55d30f88d000-55d30f88e000 r--p 00000000 08:02 22809384                   /home/bediger/src/all_github_repos/bediger4000/nonrecursive-recursion/cpup6
55d30f88e000-55d30f88f000 r-xp 00001000 08:02 22809384                   /home/bediger/src/all_github_repos/bediger4000/nonrecursive-recursion/cpup6
55d30f88f000-55d30f890000 r--p 00002000 08:02 22809384                   /home/bediger/src/all_github_repos/bediger4000/nonrecursive-recursion/cpup6
55d30f890000-55d30f891000 r--p 00002000 08:02 22809384                   /home/bediger/src/all_github_repos/bediger4000/nonrecursive-recursion/cpup6
55d30f891000-55d30f892000 rw-p 00003000 08:02 22809384                   /home/bediger/src/all_github_repos/bediger4000/nonrecursive-recursion/cpup6
55d33128e000-55d3312af000 rw-p 00000000 00:00 0                          [heap]
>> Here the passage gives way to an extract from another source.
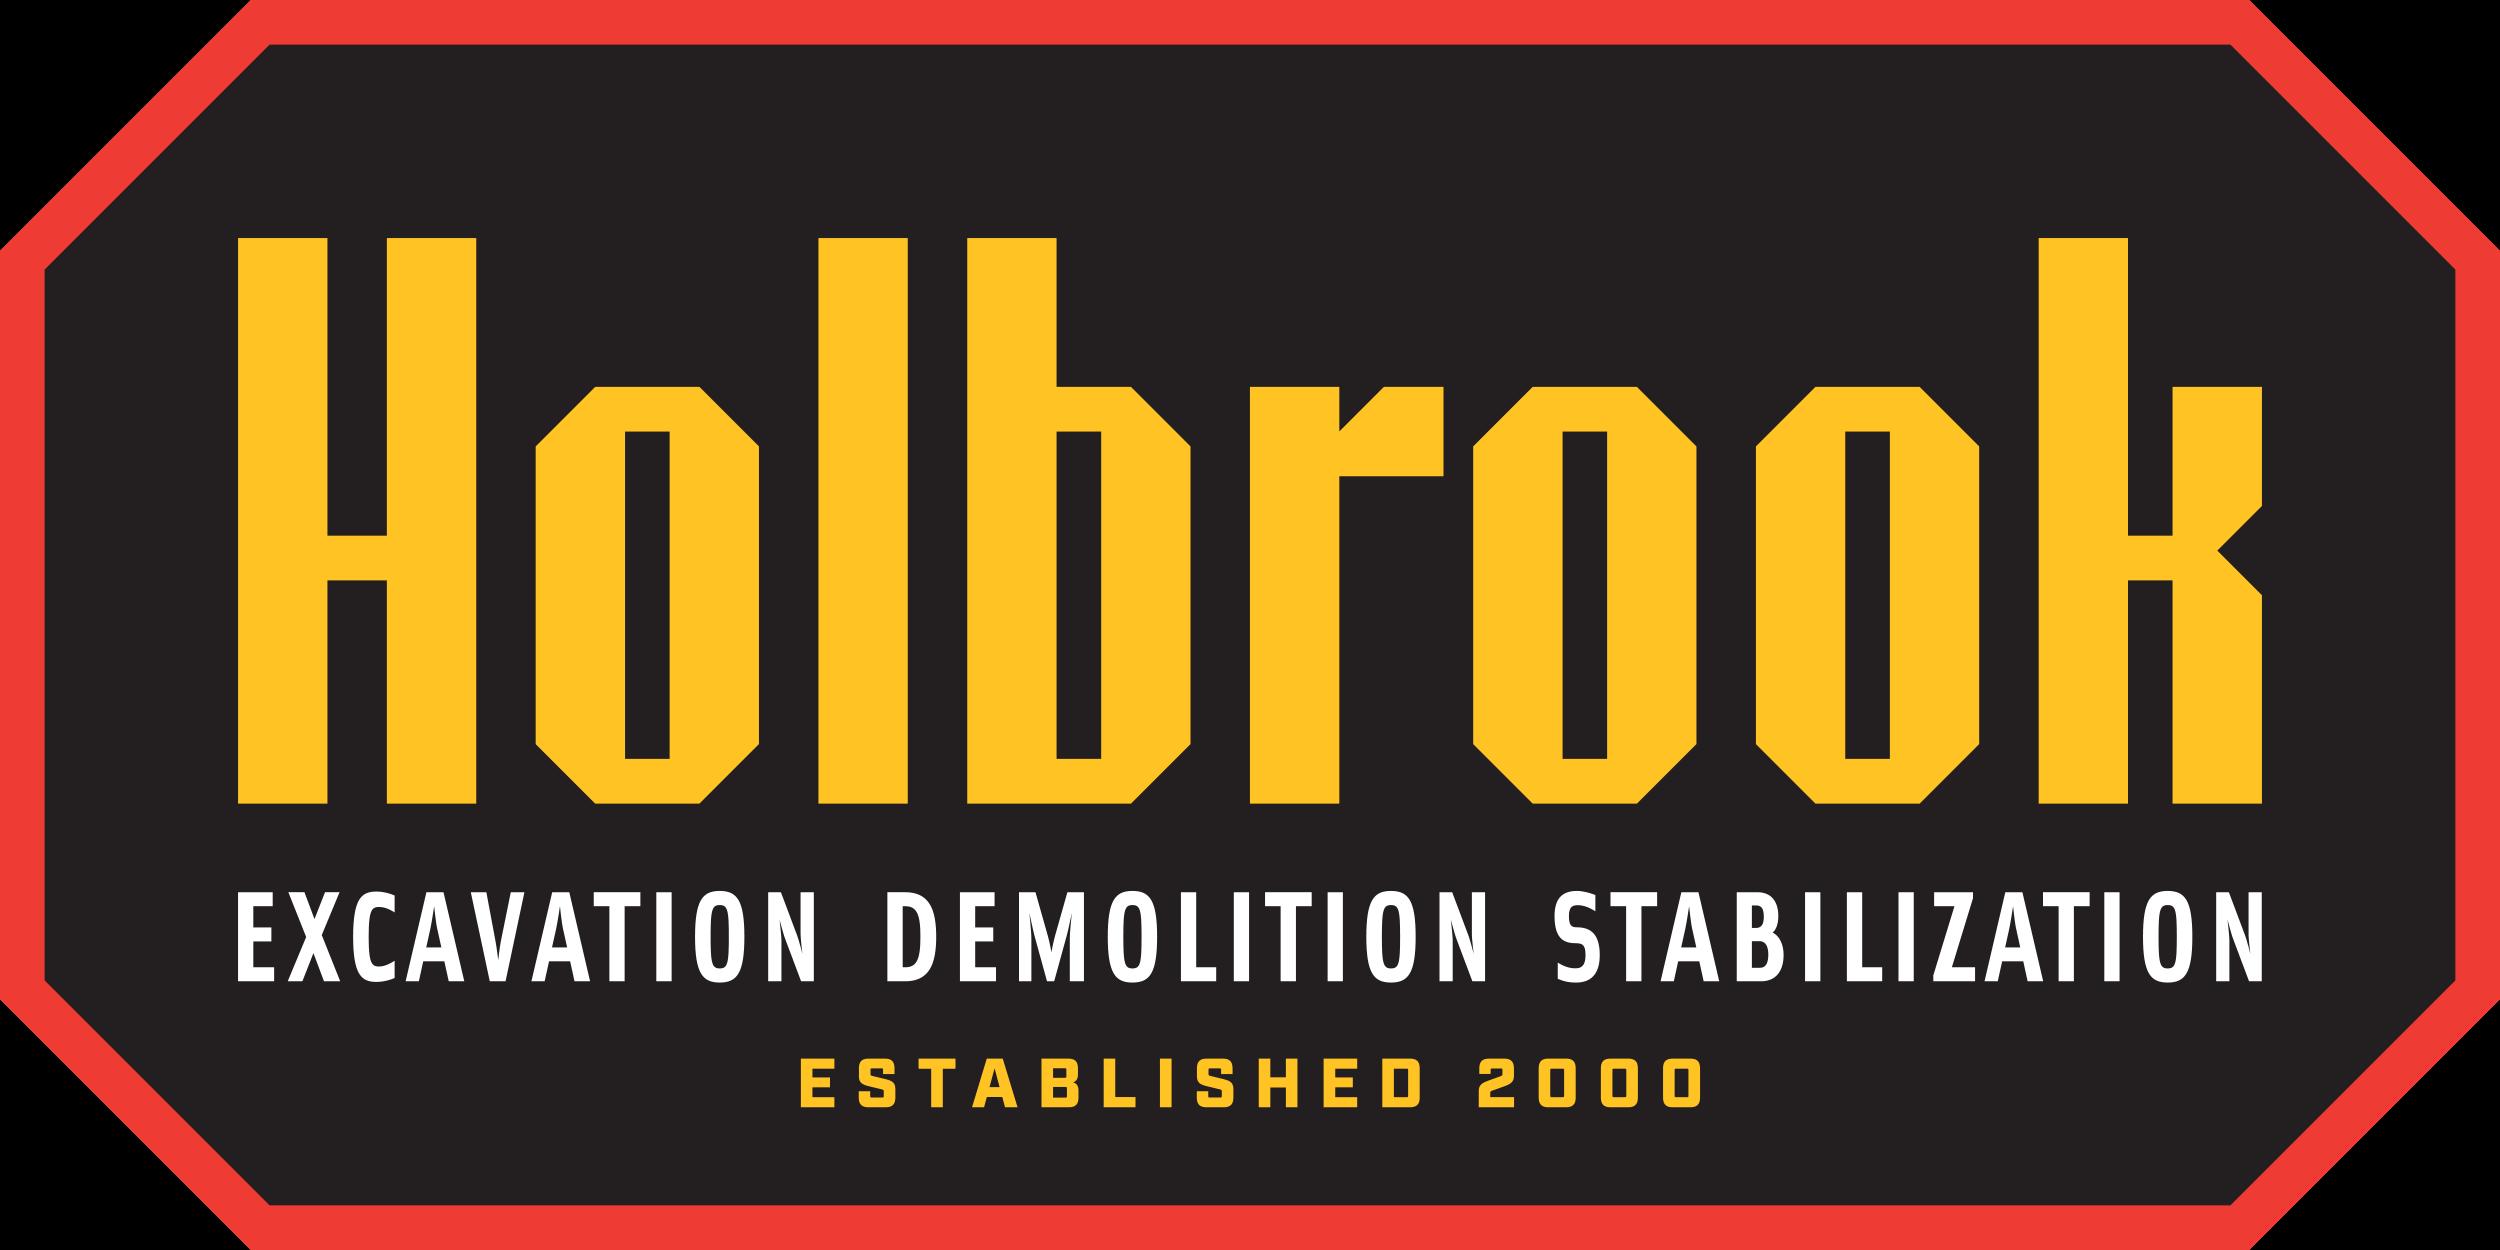 The Holbrook Company

7f7067600000-7f7067624000 r--p 00000000 08:02 27004378                   /usr/lib/libc.so.6
7f7067624000-7f7067795000 r-xp 00024000 08:02 27004378                   /usr/lib/libc.so.6
7f7067795000-7f7067804000 r--p 00195000 08:02 27004378                   /usr/lib/libc.so.6
7f7067804000-7f7067808000 r--p 00203000 08:02 27004378                   /usr/lib/libc.so.6
7f7067808000-7f706780a000 rw-p 00207000 08:02 27004378                   /usr/lib/libc.so.6
7f706780a000-7f7067812000 rw-p 00000000 00:00 0 
7f70678a5000-7f70678aa000 rw-p 00000000 00:00 0 
7f70678d6000-7f70678da000 rwxp 00000000 00:00 0 
7f70678da000-7f70678de000 r--p 00000000 00:00 0                          [vvar]
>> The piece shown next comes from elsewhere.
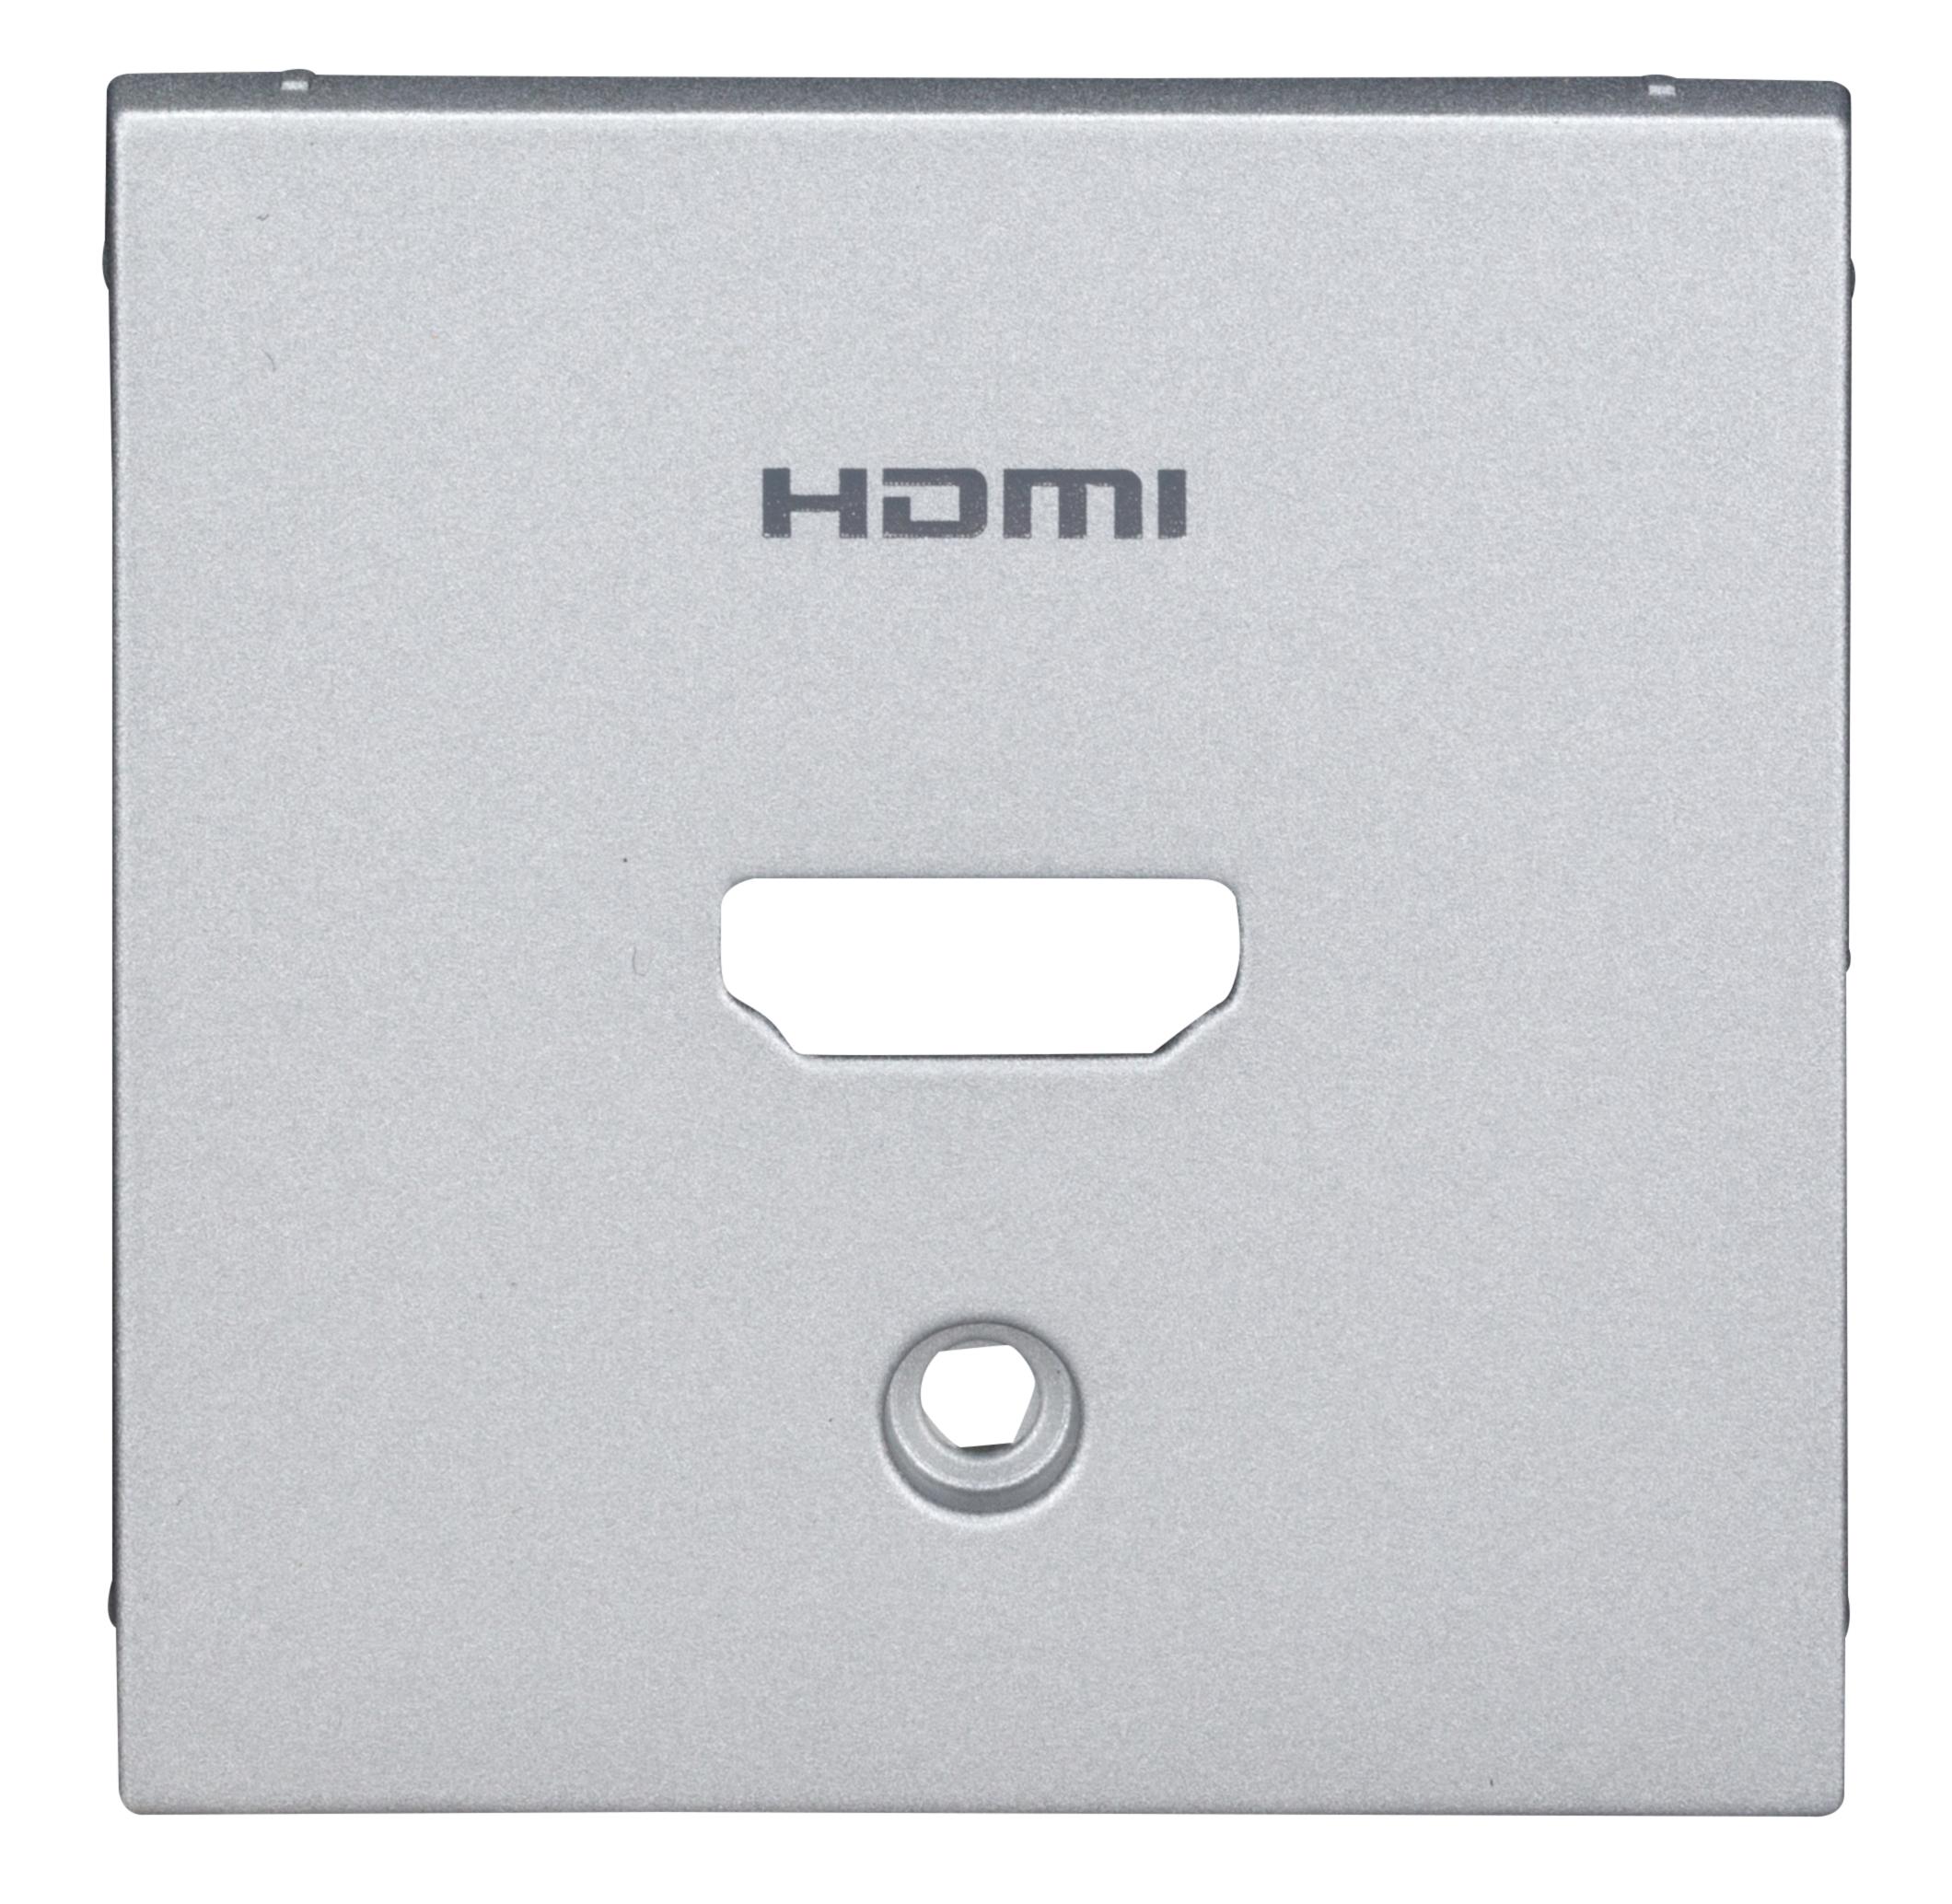 1 Stk HDMI Aufsatz, silber EV124051--

7f70678de000-7f70678e0000 r--p 00000000 00:00 0                          [vvar_vclock]
7f70678e0000-7f70678e2000 r-xp 00000000 00:00 0                          [vdso]
7f70678e2000-7f70678e3000 r--p 00000000 08:02 27004304                   /usr/lib/ld-linux-x86-64.so.2
7f70678e3000-7f706790d000 r-xp 00001000 08:02 27004304                   /usr/lib/ld-linux-x86-64.so.2
7f706790d000-7f706791b000 r--p 0002b000 08:02 27004304                   /usr/lib/ld-linux-x86-64.so.2
7f706791b000-7f706791d000 r--p 00039000 08:02 27004304                   /usr/lib/ld-linux-x86-64.so.2
7f706791d000-7f706791e000 rw-p 0003b000 08:02 27004304                   /usr/lib/ld-linux-x86-64.so.2
7f706791e000-7f706791f000 rw-p 00000000 00:00 0 
7fff7e2ff000-7fff7e320000 rw-p 00000000 00:00 0                          [stack]
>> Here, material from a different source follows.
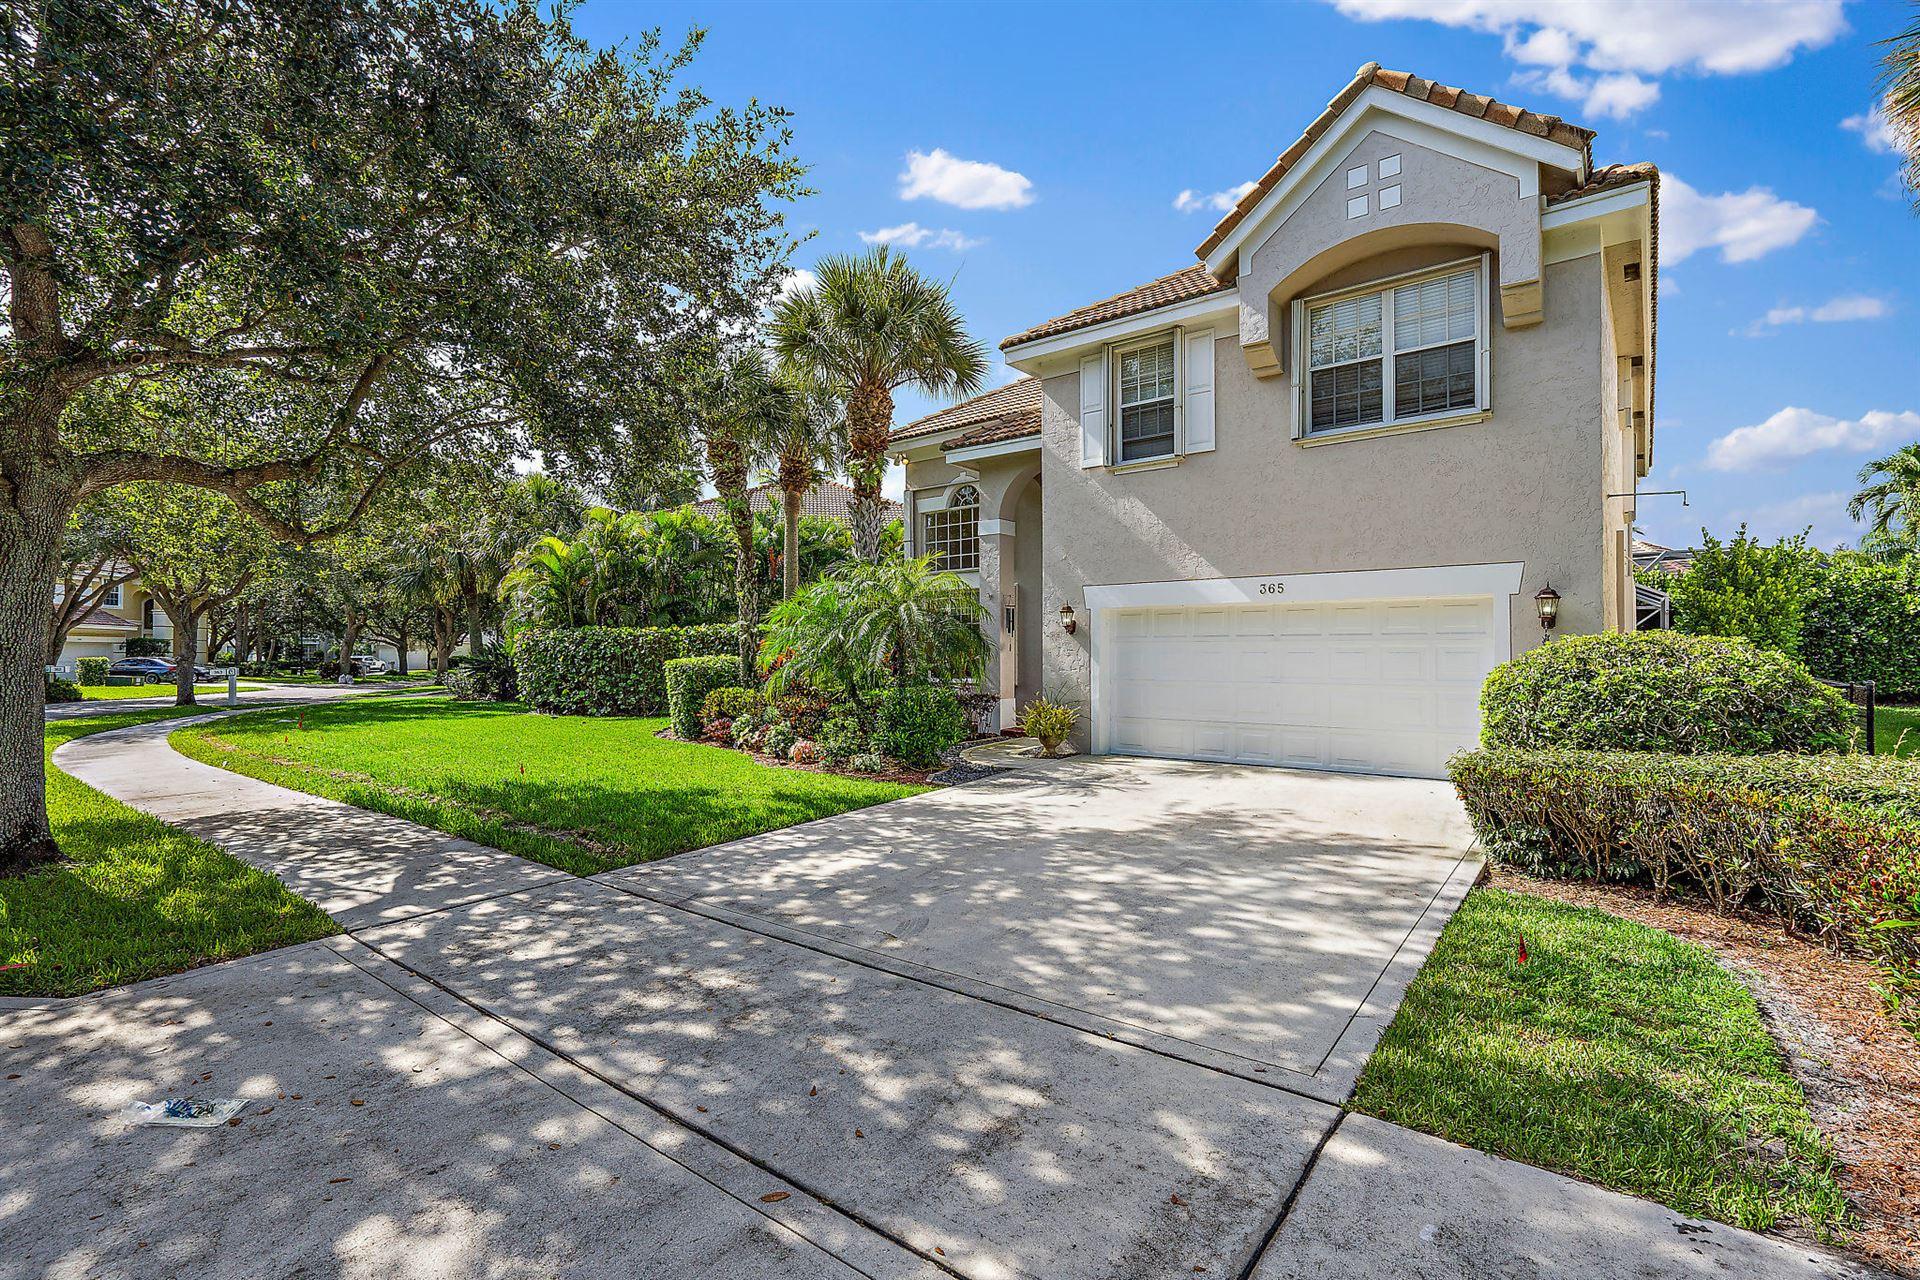 365 Magnolia Drive, Jupiter, FL 33458 - #: RX-10635651

ffffffffff600000-ffffffffff601000 --xp 00000000 00:00 0                  [vsyscall]

The addresses of functions main, copyup and pstring (0x55d30f88e290, 0x55d30f88e520, 0x55d30f88e650 respectively) all lie in the range of the second mapping, 55d30f88e000-55d30f88f000, which conveniently has “r-xp” protections, read, execute and private (not shared).

The copies of function copyup code are at addresses 0x7f70678d9000, 0x7f70678d8000, 0x7f70678d7000, 0x7f70678d6000. These addresses all fit in the 7f70678d6000-7f70678da000 mapping, which has “rwxp” permissions. cpup6.c invokes mmap(2) through a function pointer with PROT_EXEC|PROT_READ|PROT_WRITE permissions, and MAP_PRIVATE|MAP_ANONYMOUS.

I have invoked cpup6 50000, which should memory map 50,000 4096-byte pages, one per copy of copyup code, without crashing. 64-bit addressing, even though only the low 48 bits are used, is a phenomenally large space.